▶ [Collected data]

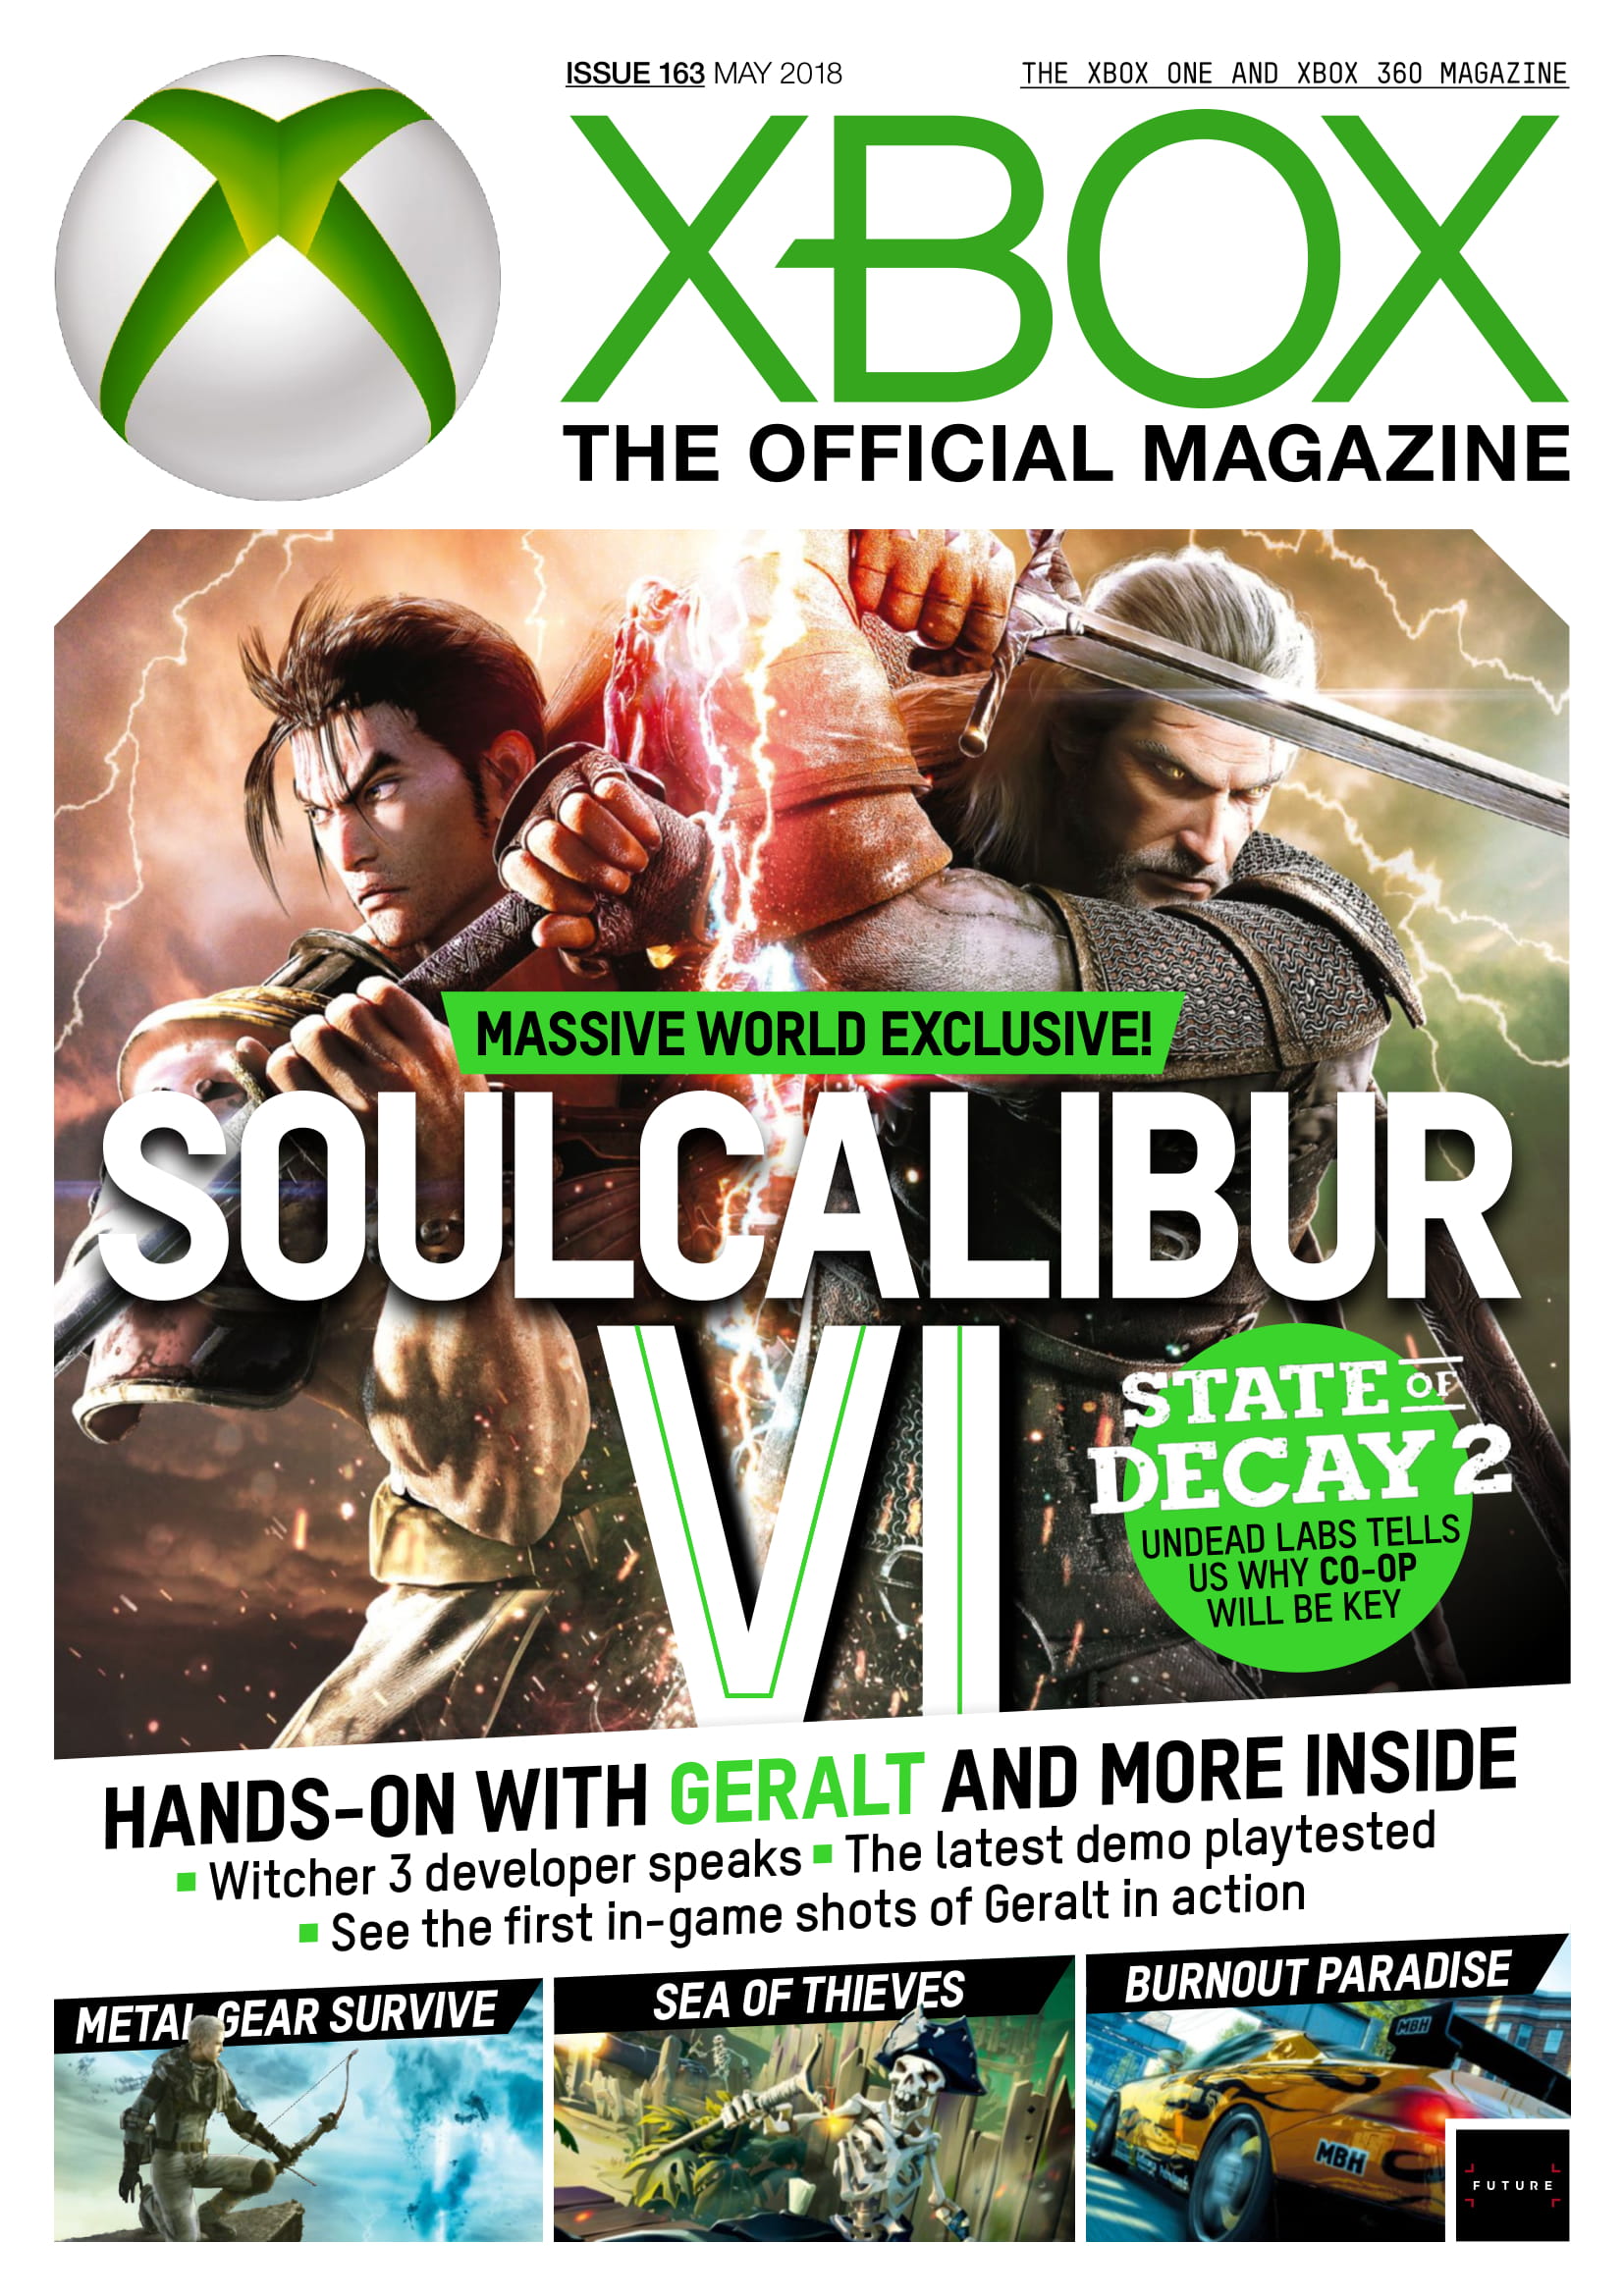 Xbox The Official Magazine - May 2018-001.jpg
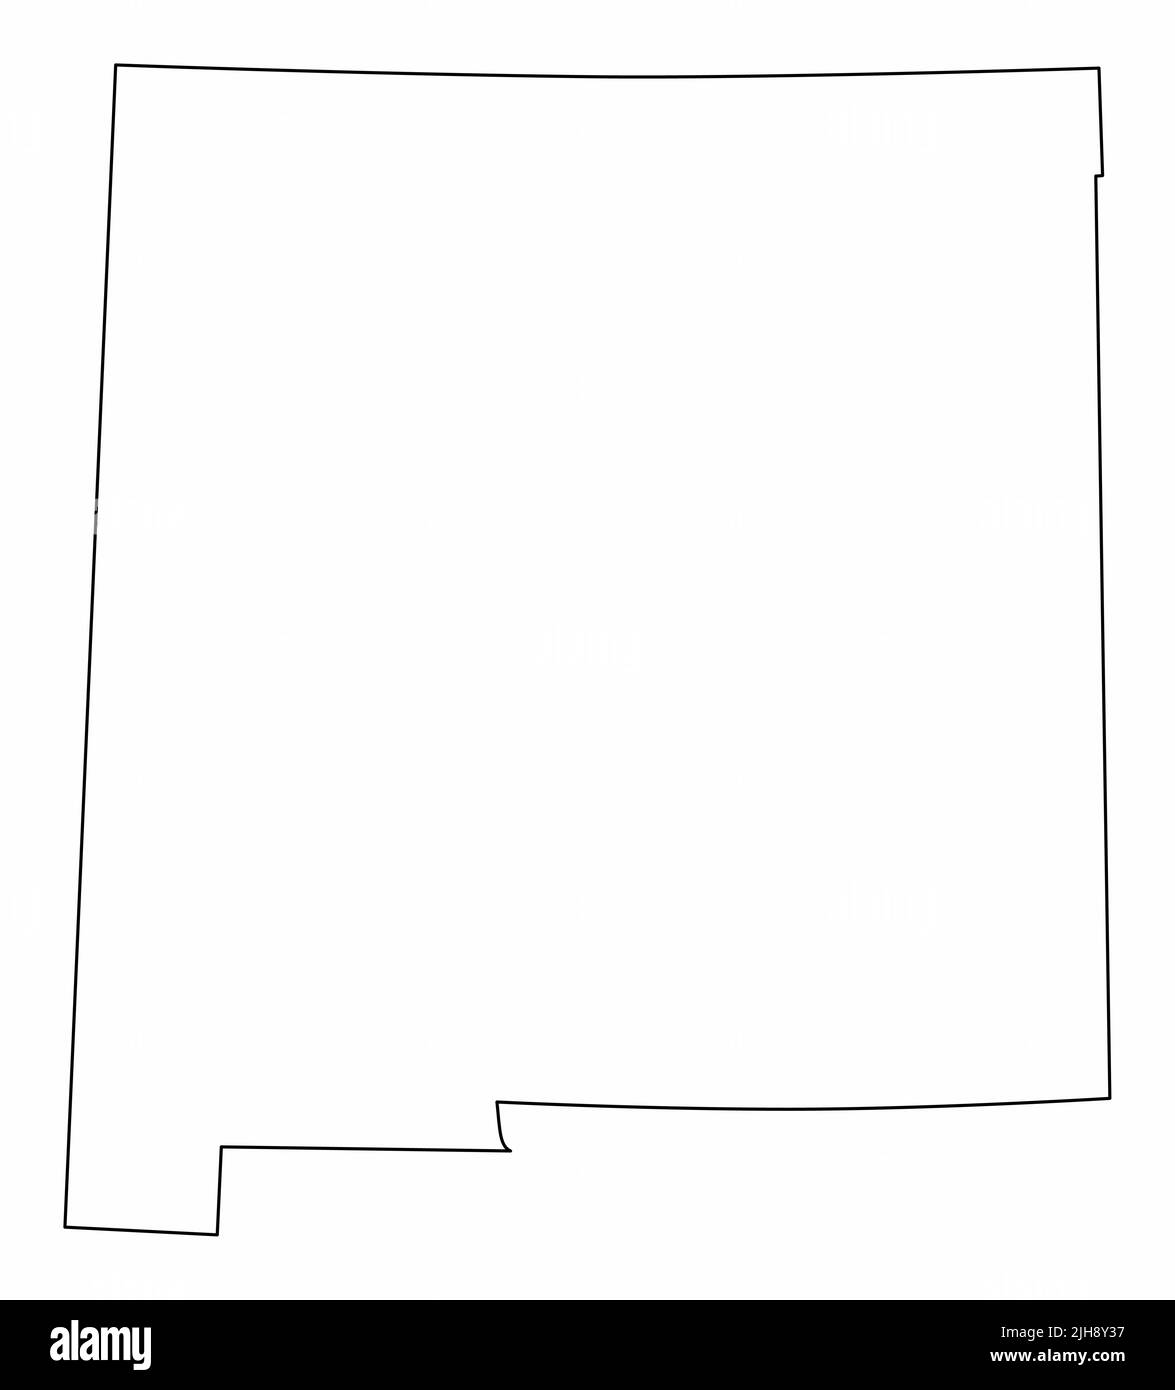 New Mexico State isolated map. Black outlines on white background Stock
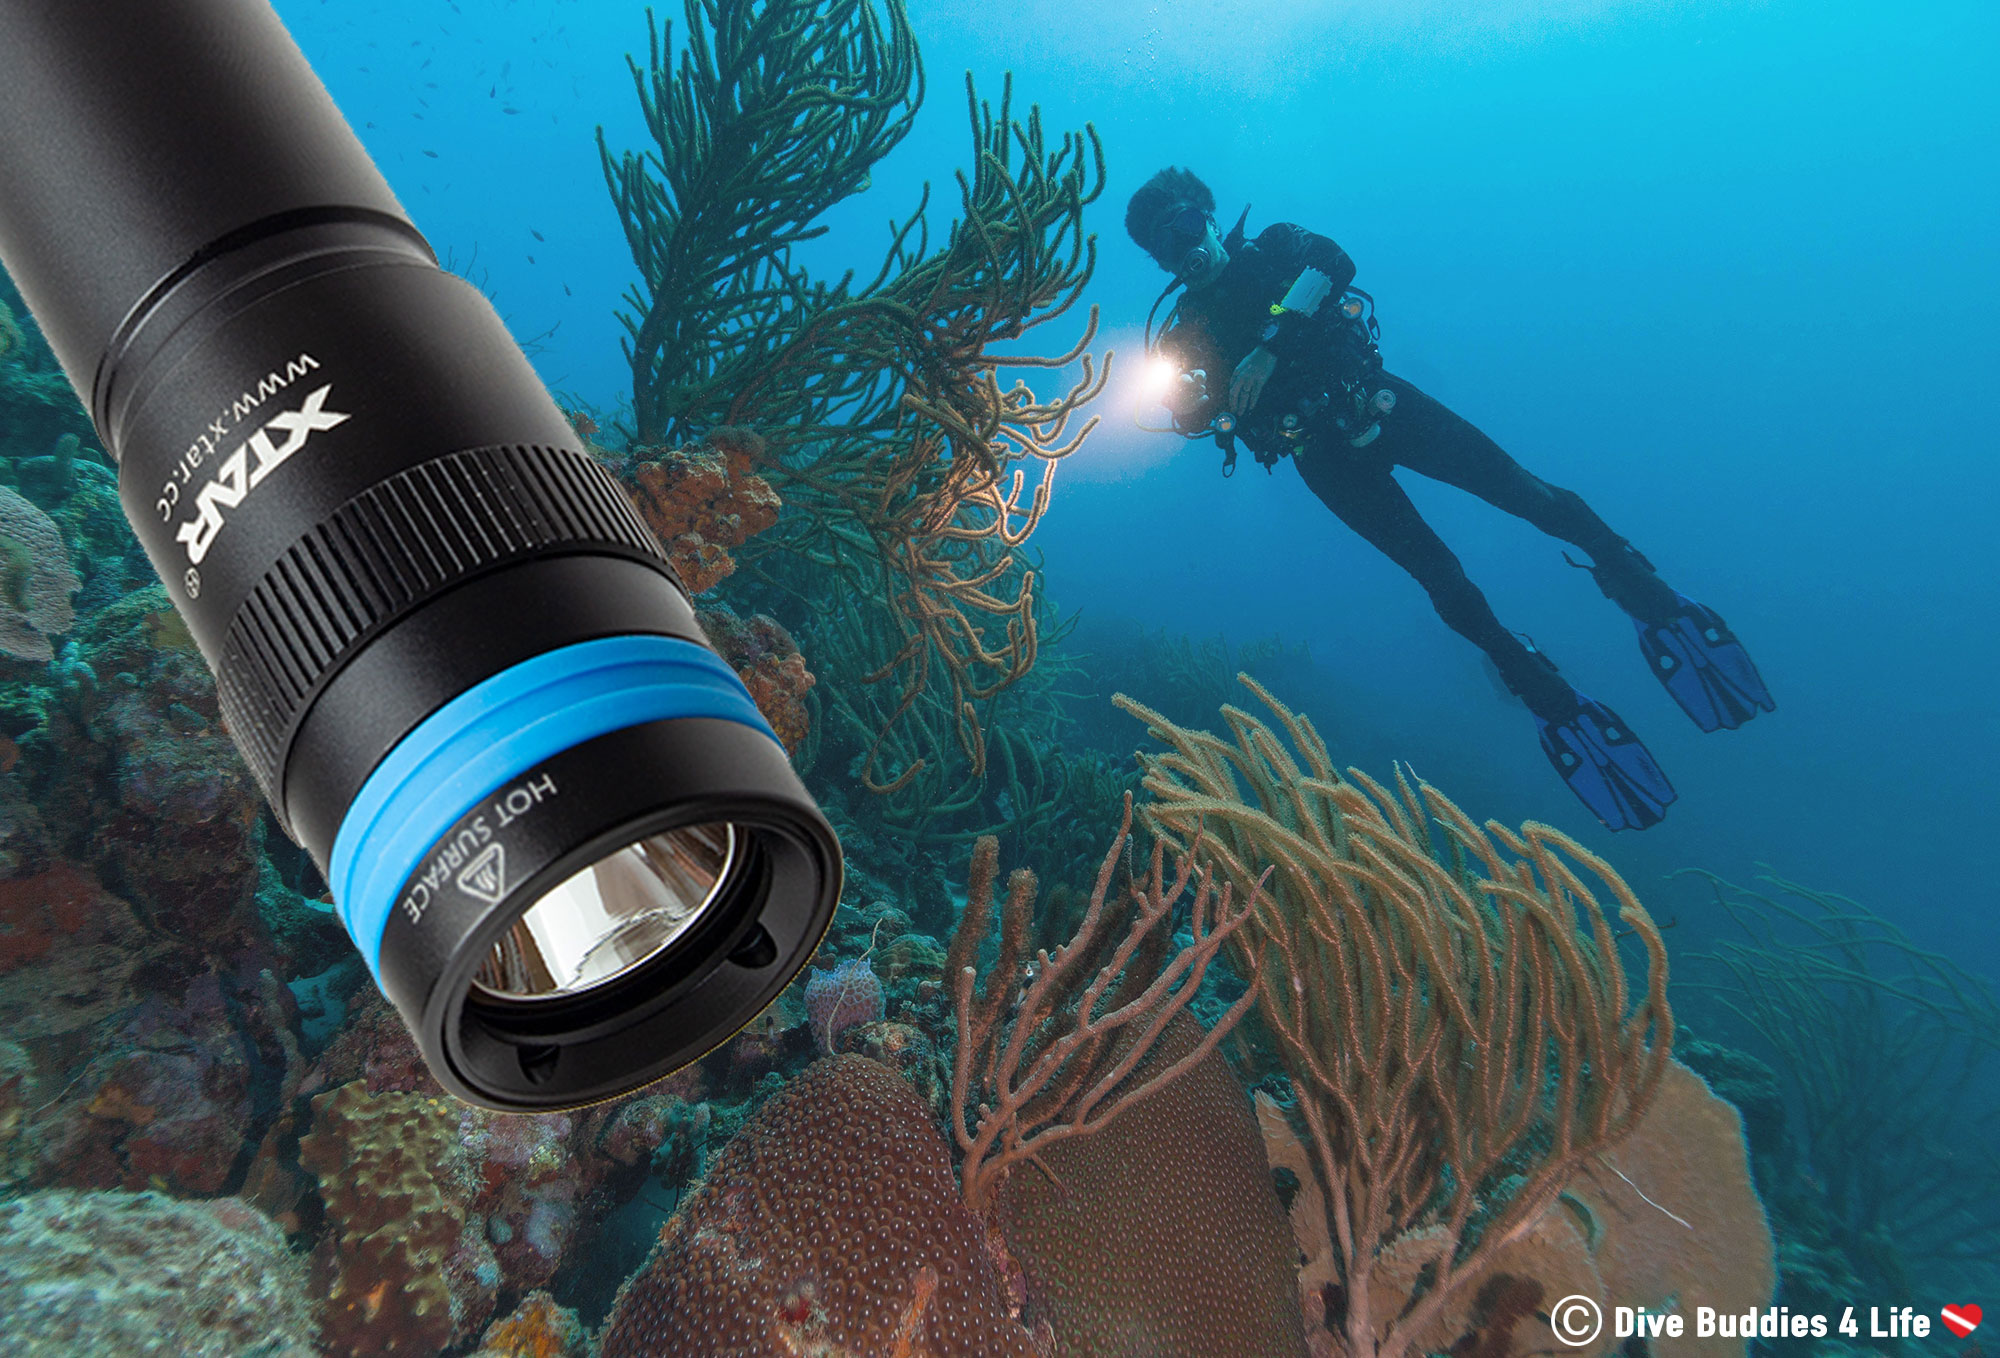 Xtar Dive Light On A Coral Reef
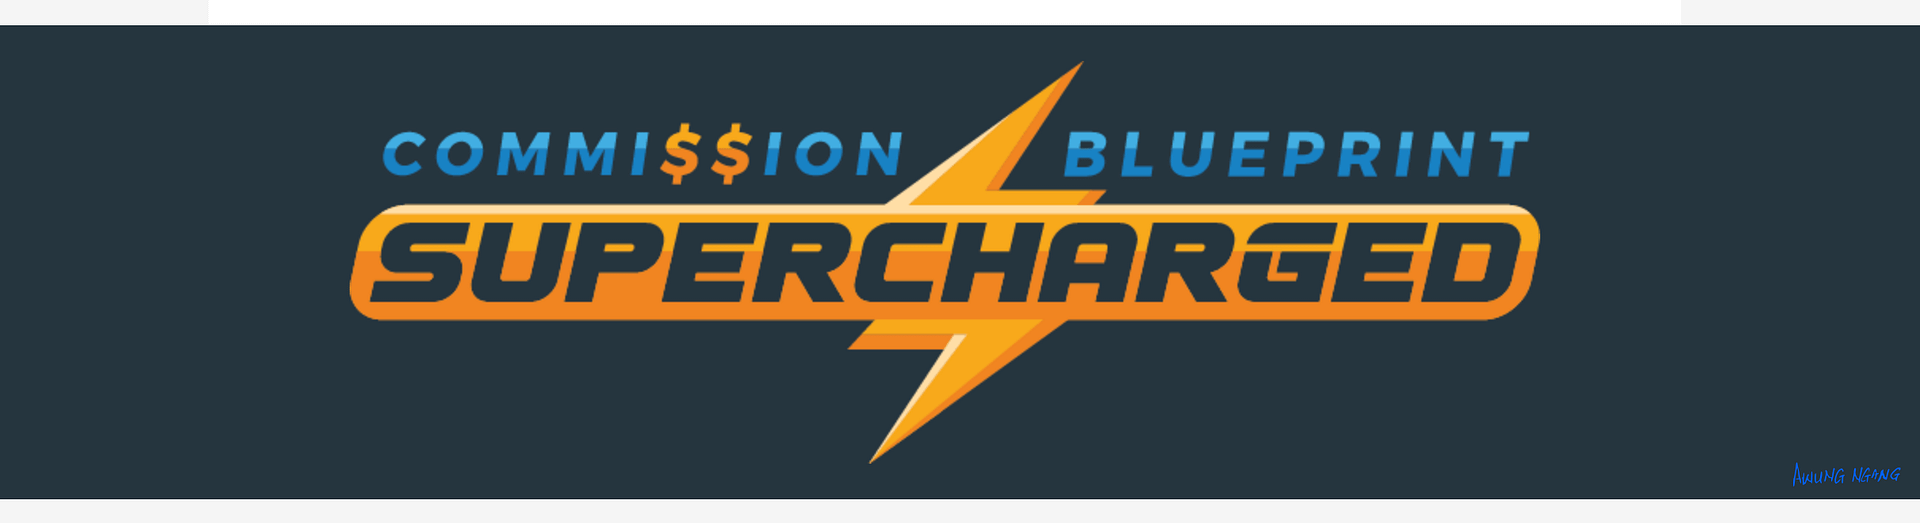 Commission Blueprint Supercharged,instant discounts,Option1,Option2,Option3,payment today,passive income

▶ [Work instruction]
Repeat word for word only the lines from the line holding "New Mexico State" to the final line of the material, both included. Don't carry over any picture.

▶ [Reply]
 New Mexico State isolated map. Black outlines on white background Stock
 Xtar Dive Light On A Coral Reef
 Commission Blueprint Supercharged,instant discounts,Option1,Option2,Option3,payment today,passive income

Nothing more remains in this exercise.